◆ Task objective ◆
Scan the records for "Women". Report each line that includes it.

◆ Data for the task ◆
━━━━━━━━━━

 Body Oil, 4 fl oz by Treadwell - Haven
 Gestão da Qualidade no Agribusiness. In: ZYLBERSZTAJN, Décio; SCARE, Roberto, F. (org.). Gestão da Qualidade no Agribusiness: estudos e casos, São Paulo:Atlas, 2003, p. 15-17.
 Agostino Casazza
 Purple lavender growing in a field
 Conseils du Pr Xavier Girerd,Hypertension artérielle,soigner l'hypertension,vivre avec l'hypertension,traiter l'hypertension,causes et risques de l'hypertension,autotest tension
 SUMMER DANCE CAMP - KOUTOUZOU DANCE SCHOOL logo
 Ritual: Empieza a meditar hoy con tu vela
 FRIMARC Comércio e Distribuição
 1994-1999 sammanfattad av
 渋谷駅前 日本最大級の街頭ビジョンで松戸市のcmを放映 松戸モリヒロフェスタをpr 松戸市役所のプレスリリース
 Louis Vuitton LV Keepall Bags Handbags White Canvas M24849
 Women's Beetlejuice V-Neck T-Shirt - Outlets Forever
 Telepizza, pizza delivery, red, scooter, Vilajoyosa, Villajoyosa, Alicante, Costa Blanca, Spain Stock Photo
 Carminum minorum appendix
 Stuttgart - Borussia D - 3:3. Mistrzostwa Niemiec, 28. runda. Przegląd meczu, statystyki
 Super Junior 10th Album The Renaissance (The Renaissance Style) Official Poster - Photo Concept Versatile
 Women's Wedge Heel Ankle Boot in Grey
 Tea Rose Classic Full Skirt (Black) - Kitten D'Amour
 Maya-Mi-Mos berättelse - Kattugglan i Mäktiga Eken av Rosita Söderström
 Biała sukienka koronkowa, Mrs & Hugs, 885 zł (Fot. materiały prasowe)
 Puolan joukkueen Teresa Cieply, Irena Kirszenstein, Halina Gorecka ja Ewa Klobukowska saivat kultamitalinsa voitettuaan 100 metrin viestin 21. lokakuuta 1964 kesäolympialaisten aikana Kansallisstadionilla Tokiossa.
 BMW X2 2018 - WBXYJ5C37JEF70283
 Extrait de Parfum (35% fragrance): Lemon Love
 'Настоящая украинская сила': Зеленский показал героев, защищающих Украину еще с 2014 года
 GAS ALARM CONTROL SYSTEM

━━━━━━━━━━

◆ Result below ◆
 Women's Beetlejuice V-Neck T-Shirt - Outlets Forever
 Women's Wedge Heel Ankle Boot in Grey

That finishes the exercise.